Cyberattack on major hospital in Spanish city of Barcelona has resulted in cancellation of thousands of appointments
A major hospital in Spain has become victim to a ransomware attack, which has impacted the health treatment of thousands of patients.
The Associated Press reported that the ransomware attack on Sunday on the Hospital Clinic de Barcelona, forced the cancellation of 150 non-urgent operations and up to 3,000 patient checkups, officials said Monday.
Unfortunately this cyberattack on one of Barcelona’ s main hospitals is not a new phenomenon, as ransomware attacks have unfortunately previously targetted hospitals, even during the height of the Covid-19 pandemic.
In September 2020 for example, a cyberattack on a major hospital in Duesseldorf, resulted in the death of a female patient.
The cyberattack caused a failure of IT systems at Duesseldorf University Clinic, and a woman who needed urgent admission died after she had to be taken to another city for treatment.
In the US alone, 764 healthcare providers were hit by ransomware in 2019, according to data compiled by Emsisoft.
Indeed in October 2019, three hospitals in the US state of Alabama were forced to temporarily close their doors to the admission of new patients because of a ransomware attack.
In May 2020, during the Coronavirus pandemic, Europe’s largest private hospital operator, Berlin-based Fresenius, suffered a ransomware attack that limited some of its operations.
Now the Associated Press reported that the ransomware attack on the Hospital Clinic de Barcelona, crippled its computer system and forced the cancellation of 150 non-urgent operations and up to 3,000 patient checkups, officials were quoted as saying Monday.
The attack shut down computers at the facility’s laboratories, emergency room and pharmacy at three main centres and several external clinics.
“We can’t make any prediction as to when the system will be back up to normal,” hospital director Antoni Castells was quoted as telling a news conference on Monday. He said the hospital’s contingency plan would allow them to function for several days, but he hoped the system would be fixed sooner.
A Catalonia regional government statement said the region’s Cybersecurity Agency was working to restore the system.

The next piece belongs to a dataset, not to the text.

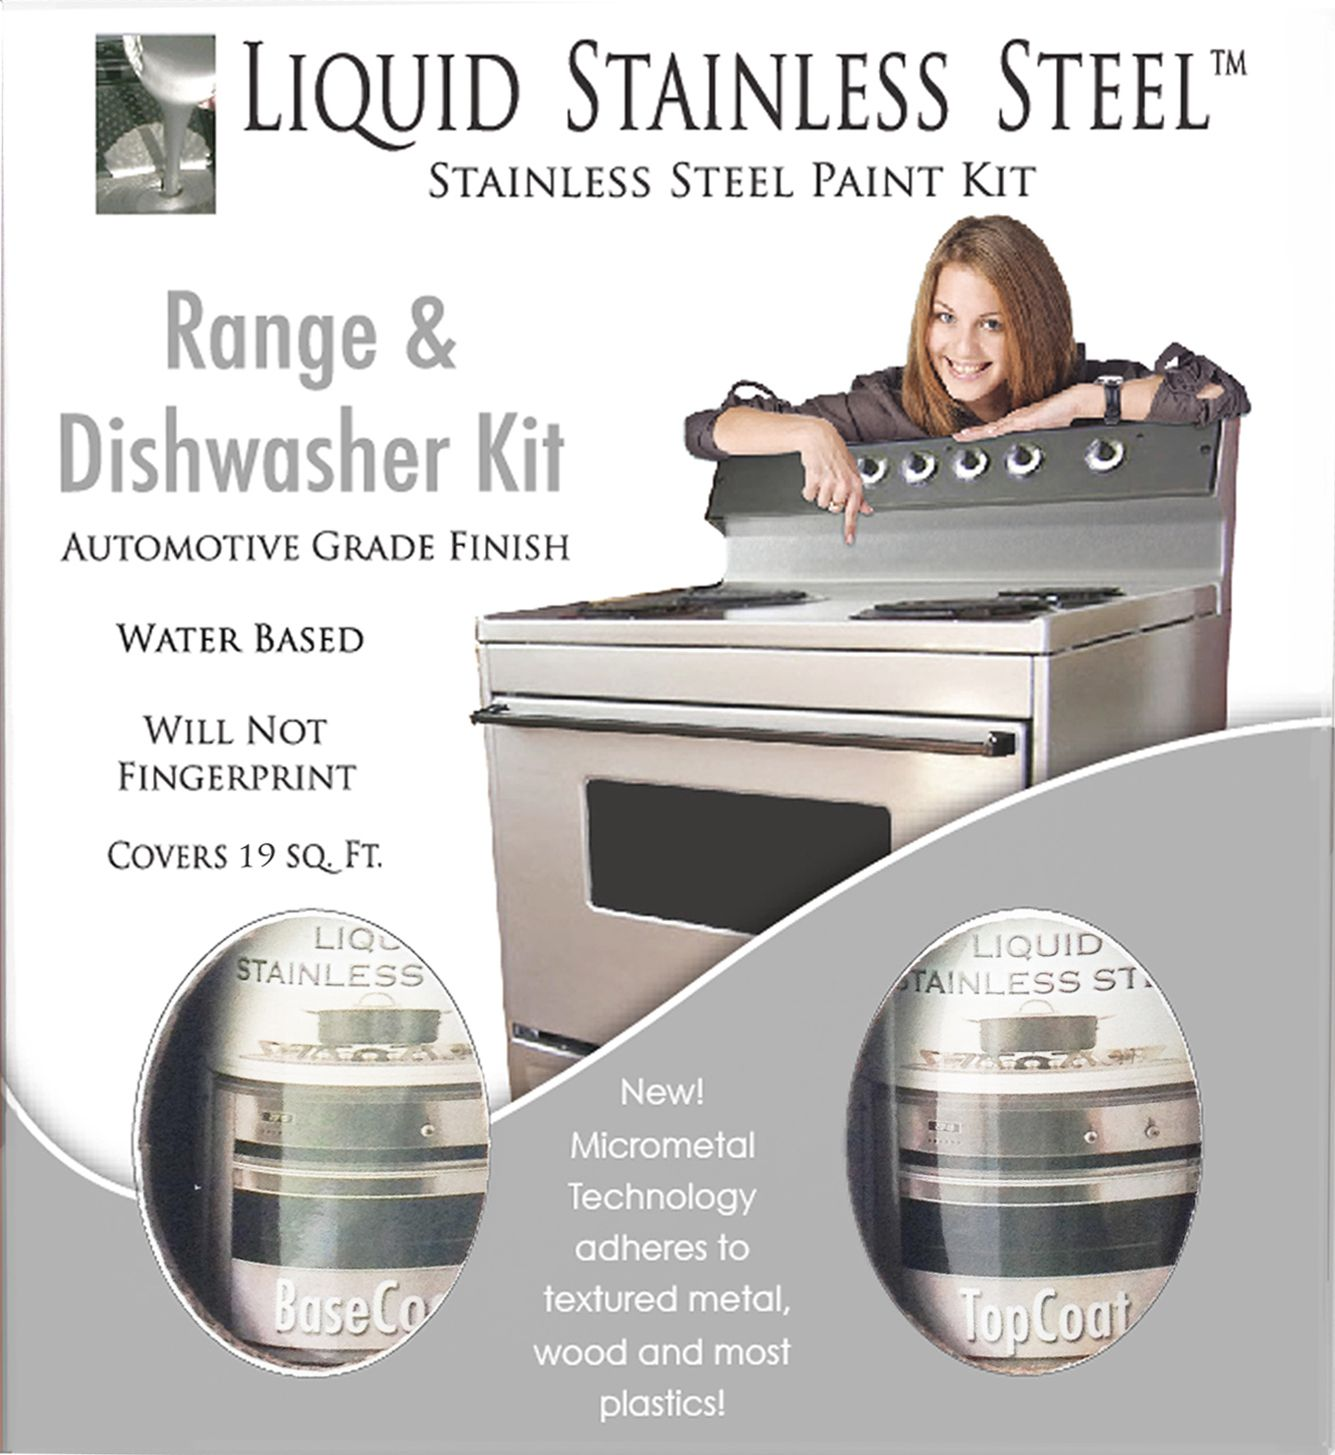 Liquid Stainless Steel Appliance Paint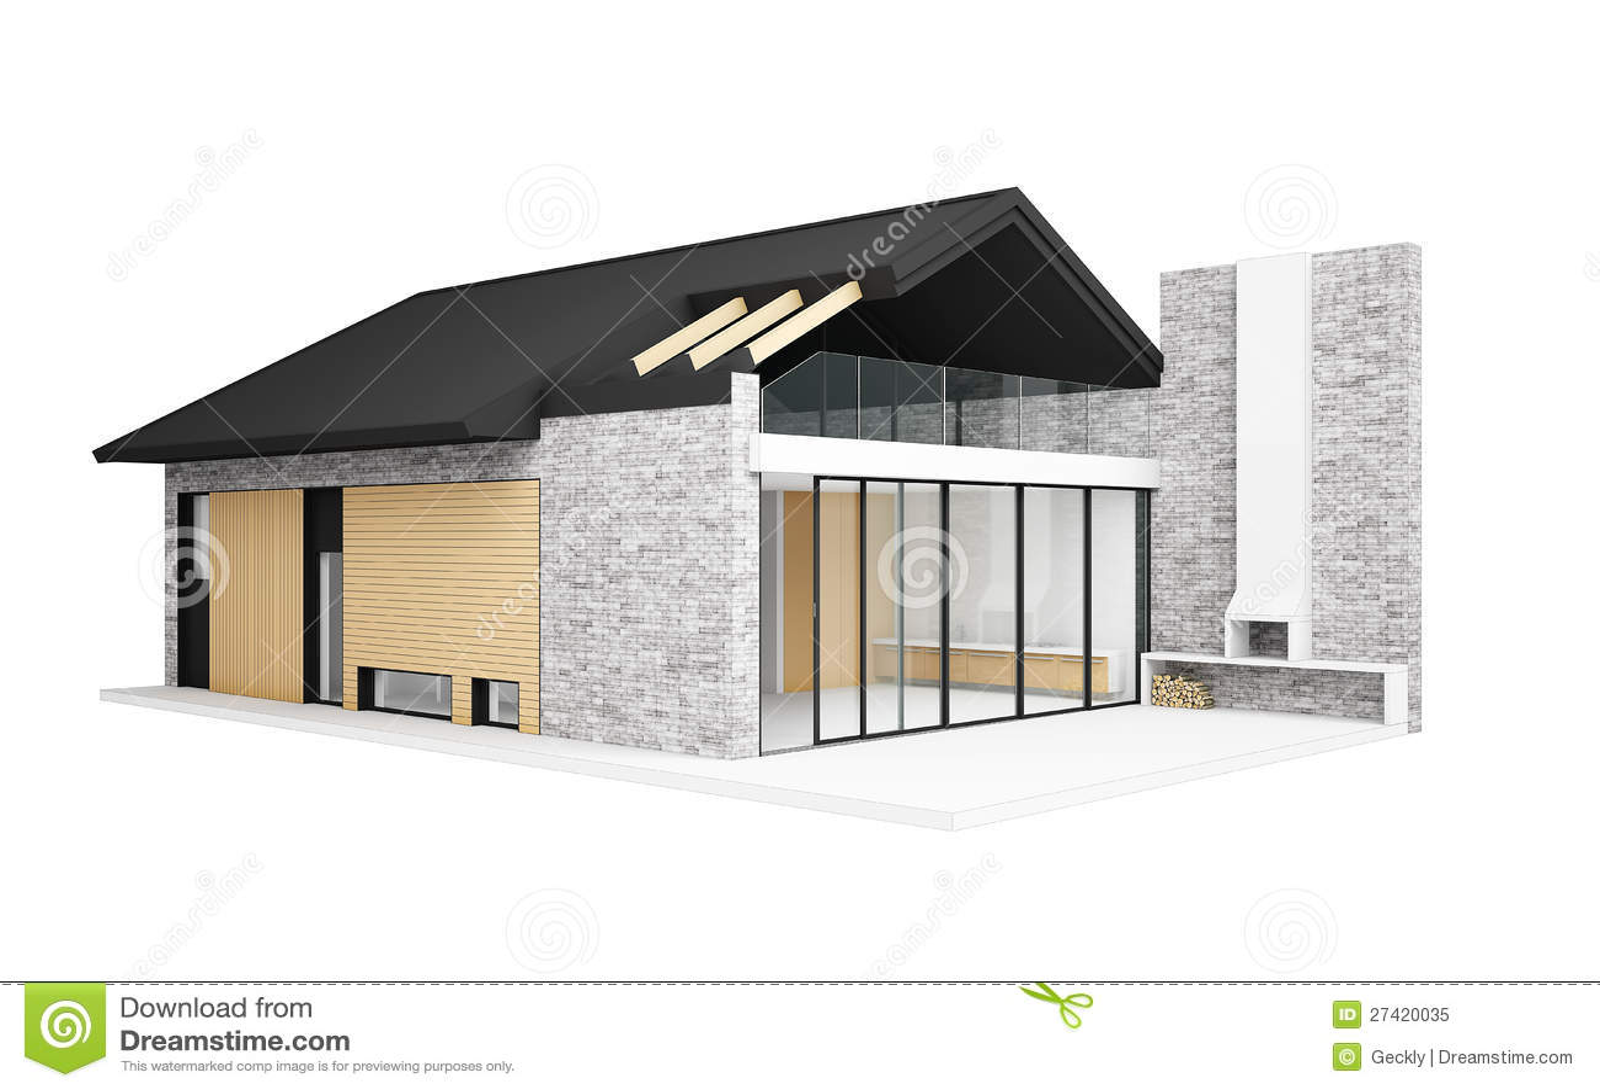 Kleines Modernes Haus Lizenzfreies Stockfoto - Bild: 27420035 size: 1300 x 903 post ID: 8 File size: 0 B

The agency said Monday the attack was orchestrated from outside of Spain by a group called “Ransom House.”
Ransom House is a new extortion group and allegedly was founded in December 2021 and its members are said to have eastern European links.
Meanwhile regional government telecommunications secretary Segi Marcén told the Associated Press that hackers hadn’t made any ransom demand so far but that no money would be paid.
The hospital’s press department said that all written work was being done on paper and that the hospital was diverting new urgent cases to other hospitals in the city. Spanish state news agency EFE said the attack cut off access to patients records and communication between units.
Risk to life
Simon Chassar, CRO at cybersecurity specialist Claroty, noted that ransomware attacks like this often put people’s lives at risk, presenting a real moral problem for those dealing with the attack.
“Cyber criminals know that hitting patient services and business availability is the most effective way to gain a ransom payment,” said Chassar. “The healthcare industry is one of the few sectors where cyberattacks can fatally impact human life.”
“Attacks can put decision makers in a morally impossible situation in which they have no choice but to pay ransoms in order to get their services back up and running,” said Chassar.
“The connection of IT and OT devices and the convergence of the Internet of Medical Things (IoMT), creates a new range of cyber threats and attack vectors which threatens service up-time, and ultimately puts patients at risk,” Chassar added.
“Healthcare providers must build cyber resilience in order to protect service availability,” said Chassar. “Patching services should be implemented to fix urgent OT and IoMT vulnerabilities, as well as network segmentation with asset class network segmentation policies to limit the movement of malware and impact of a ransomware attack.”